America is great again. We're doing so much winning many traders can't believe it.
- Money has a price, but it's a low one. Gasoline is at prices last seen in the 1990s, and heading lower. We saw these prices in 2008, but demand was collapsing then. It is not collapsing now.
- Unemployment is 5%, and the economy created almost 300,000 new jobs last month.
- Corporate profits remain near record levels, the government's deficit keeps dropping, and our debt-to-GDP ratio has held steady for four years now.
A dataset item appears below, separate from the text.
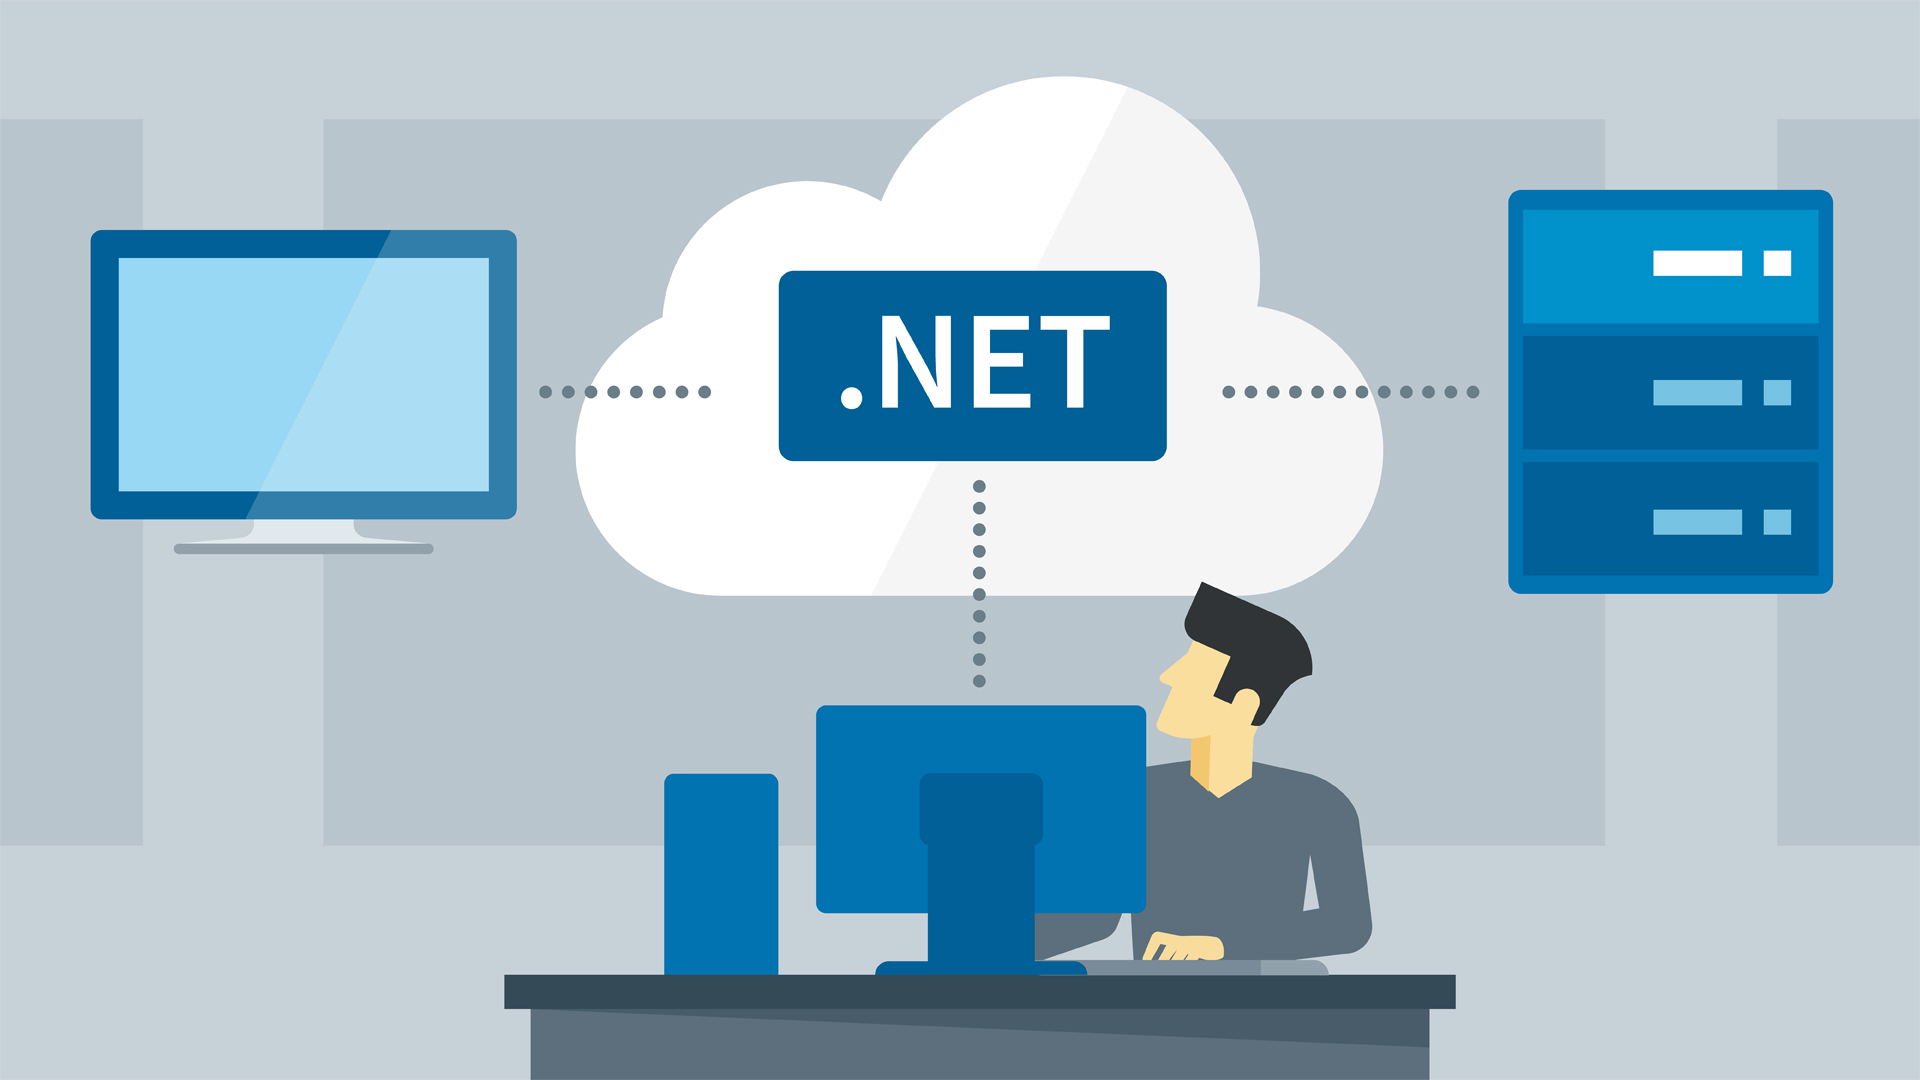 .net application development

Contrast that with the rest of the world. China can't breathe its own air and growth is slowing. The Sunnis and Shiites are locked in an economic death-struggle, one reason why oil is so cheap. The Russian bear can barely afford to growl. Latin America is flat on its back, and Europe doesn't look too well, either. Want to feel really rich this weekend? Spend it in Montreal or Toronto - the U.S. dollar is currently worth C$1.42. Look at a 5-year chart of the dollar index and it's a stock you would surely like to buy.
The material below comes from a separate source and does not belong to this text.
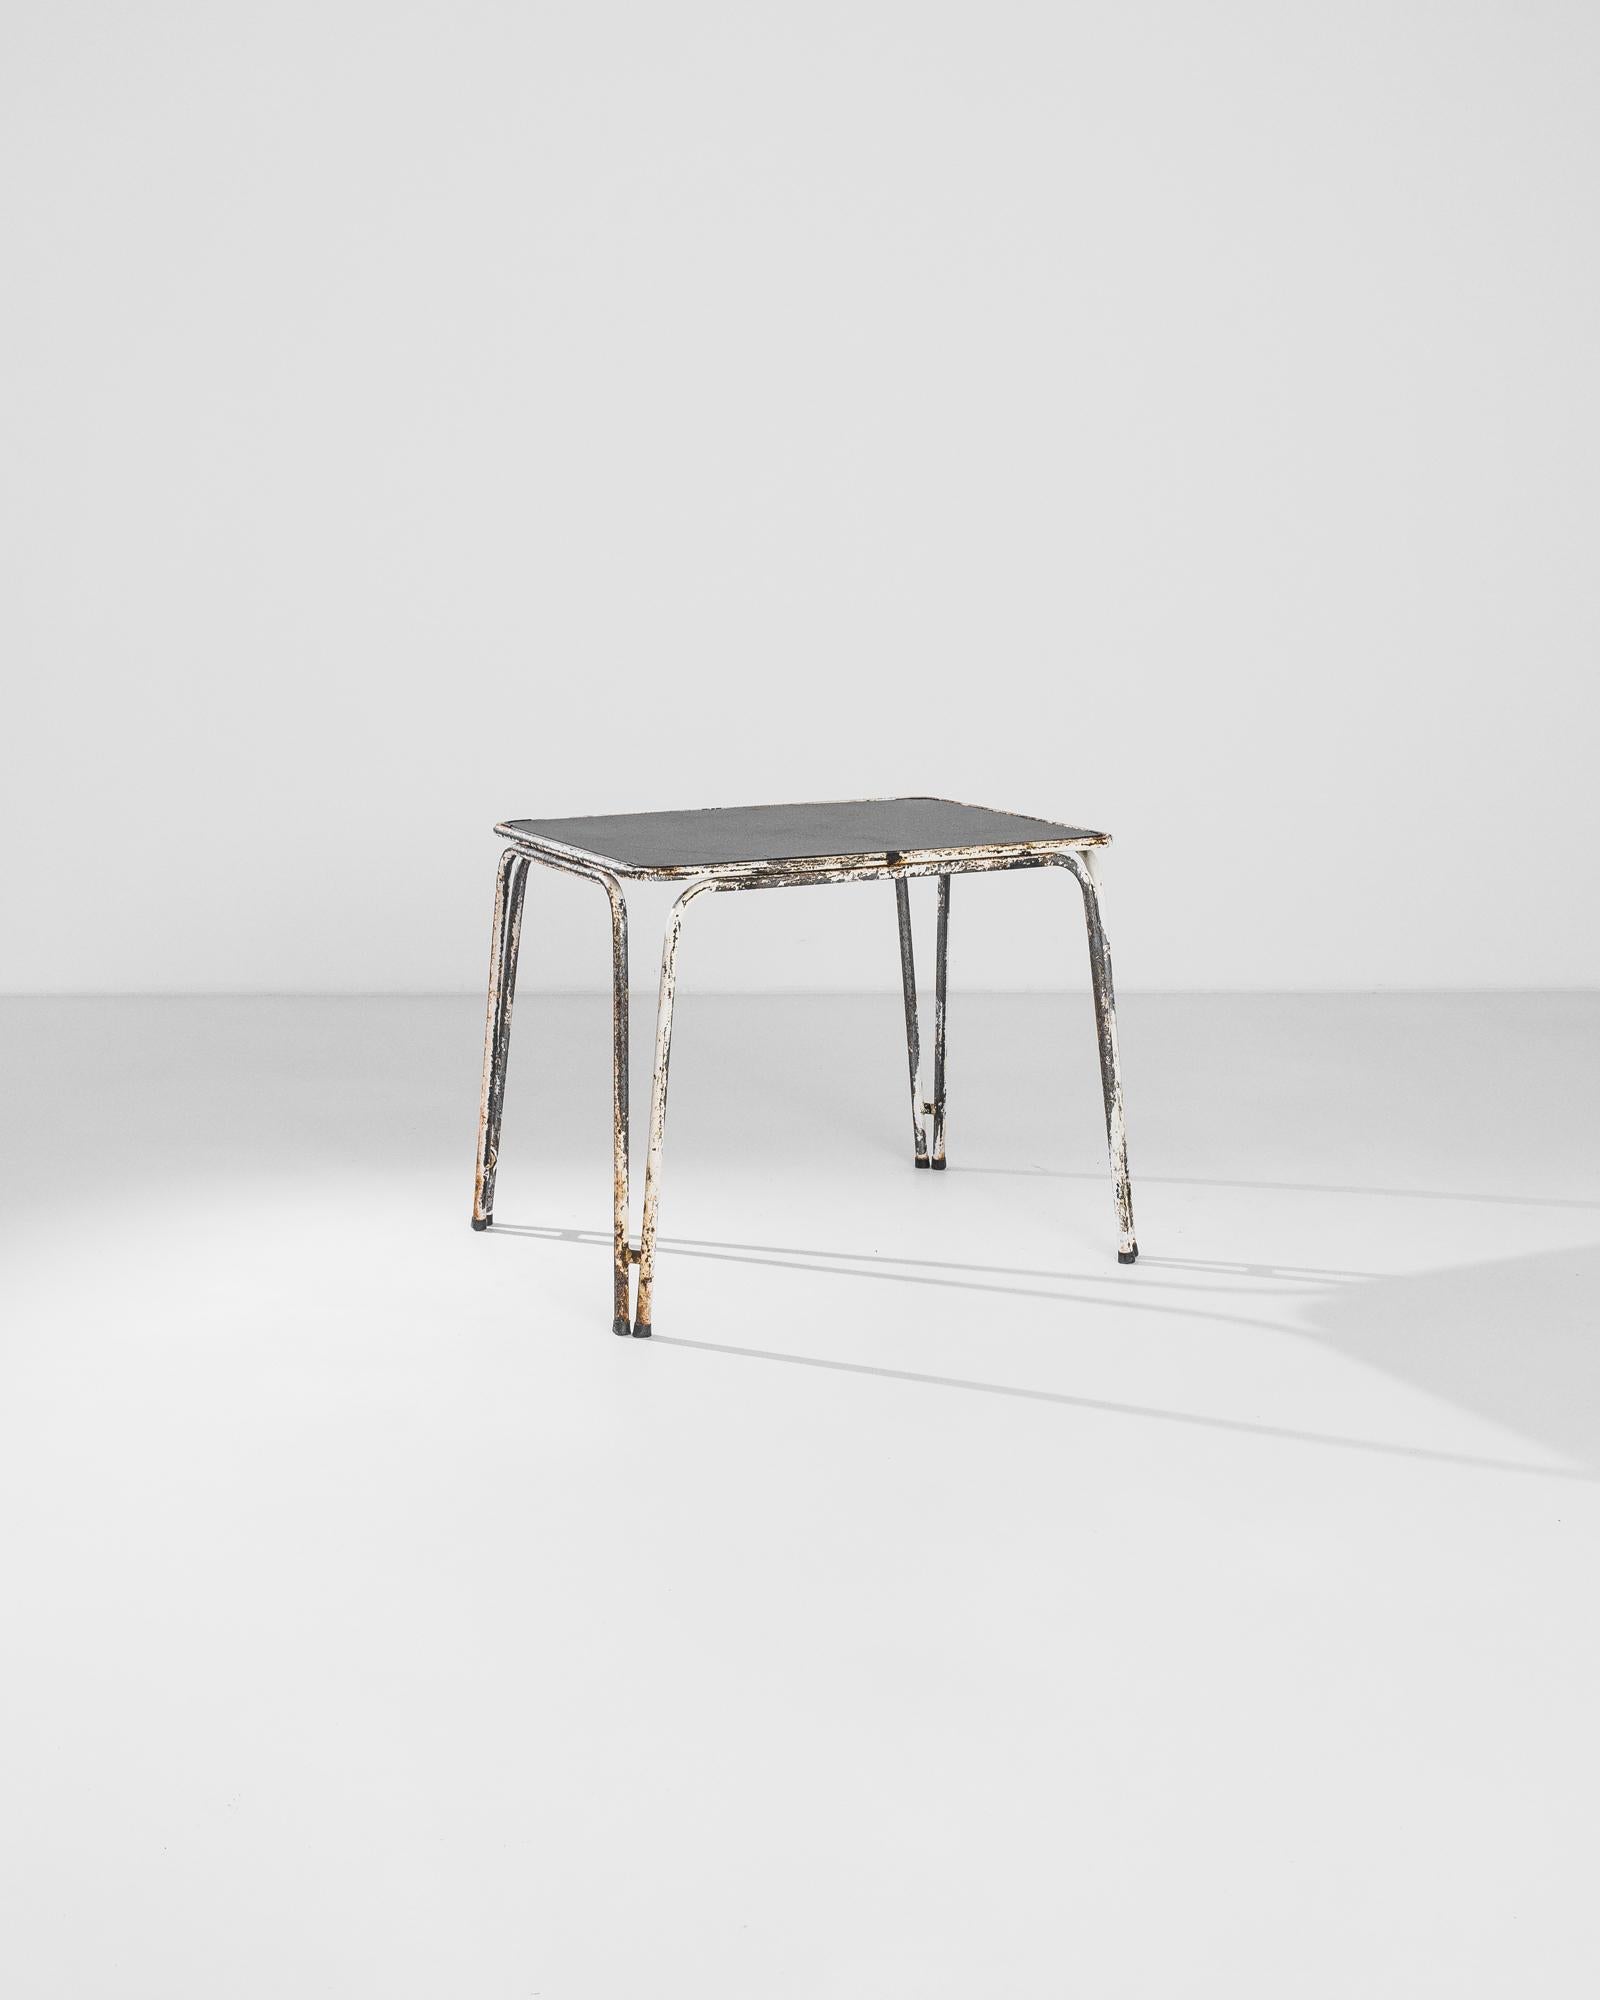 Ein Gartentisch aus Metall aus Frankreich, hergestellt um 1960. Die Beine aus weiß patiniertem, gebogenem Metall tragen eine schwarze Tischplatte, die zum Entspannen einlädt. Stellen Sie sich vor: Sie liegen in Tennisschuhen in der Sonne, kein Platz

So what are you complaining about? Why does winning make us so nervous? Why am I still seeing these "Gotterdammerung" posts predicting imminent doom for the U.S. economy?
One reason is that when you are at the top of the mountain, the only view is down. That's what Apple (NASDAQ:AAPL) is looking at. There's the Watch, there is Apple TV, there's Apple Music, there are billions of dollars coming in from apps and there is the promise of an Internet that embraces all things, even your car. There is also $200 billion in cash lying around with which to address these opportunities but all analysts can talk about is their fear of "slowing iPhone sales" -- something yet to show up in Apple's own numbers, and denied vehemently by CEO Tim Cook. Still, the P/E is below 11.
Talk all you want about the alleged overvaluation of Amazon.Com (NASDAQ:AMZN) - up over 2% since the start of the week - but today's stock market has a lot of winners selling at losers' prices. Besides the banks, we have car makers like General Motors (NYSE:GM) and Ford (NYSE:F) selling in the Apple zone. Let's not get started on how cheap oil stocks (NYSE:PXD) or oil service firms (NYSE:HAL) and pipelines (NYSE:KMI) look this morning. Let's not even talk about CBS (NYSE:CBS) at a P/E of 15 or Fox (NASDAQ:FOX) at 7. (Small wonder Rupert Murdoch is grouchy this morning.)
A company like Restaurant Brands (NYSE:QSR) brings 17% of its revenue to the net income line and the stock can't get out of its own way, because the Brazilians who control it took on enormous debt in the purchase of Burger King and Tim Horton's. These same guys did the same thing with Budweiser (NYSE:BUD) a few years ago, they're doing at Kraft Heinz (KHZ) alongside Warren Buffett (NYSE:BRK.A) (NYSE:BRK.B), and you're panicking?
In some ways this "wall of worry" is a good thing. The January fall in stock prices, which mirrors a similar fall in August, creates action for speculators and bargains for investors, but there remains no more evidence of imminent collapse now than there was then. A bounce off current levels, as is likely, means we've tested those August lows and are far more likely, from a technical perspective, to be headed toward 18,000 on the Dow Jones (NYSEARCA:DIA) than 15,000.
What's happening is a lot of losers are having to get out of the U.S. market so they can stay in whatever loser game they're playing back home. You can argue that since everyone else is suffering we should be too, but capitalism creates winners as well as losers, and right now you're all winners. Enjoy it.
Disclosure: I am/we are long AAPL, AMZN, KMI.
I wrote this article myself, and it expresses my own opinions. I am not receiving compensation for it (other than from Seeking Alpha). I have no business relationship with any company whose stock is mentioned in this article.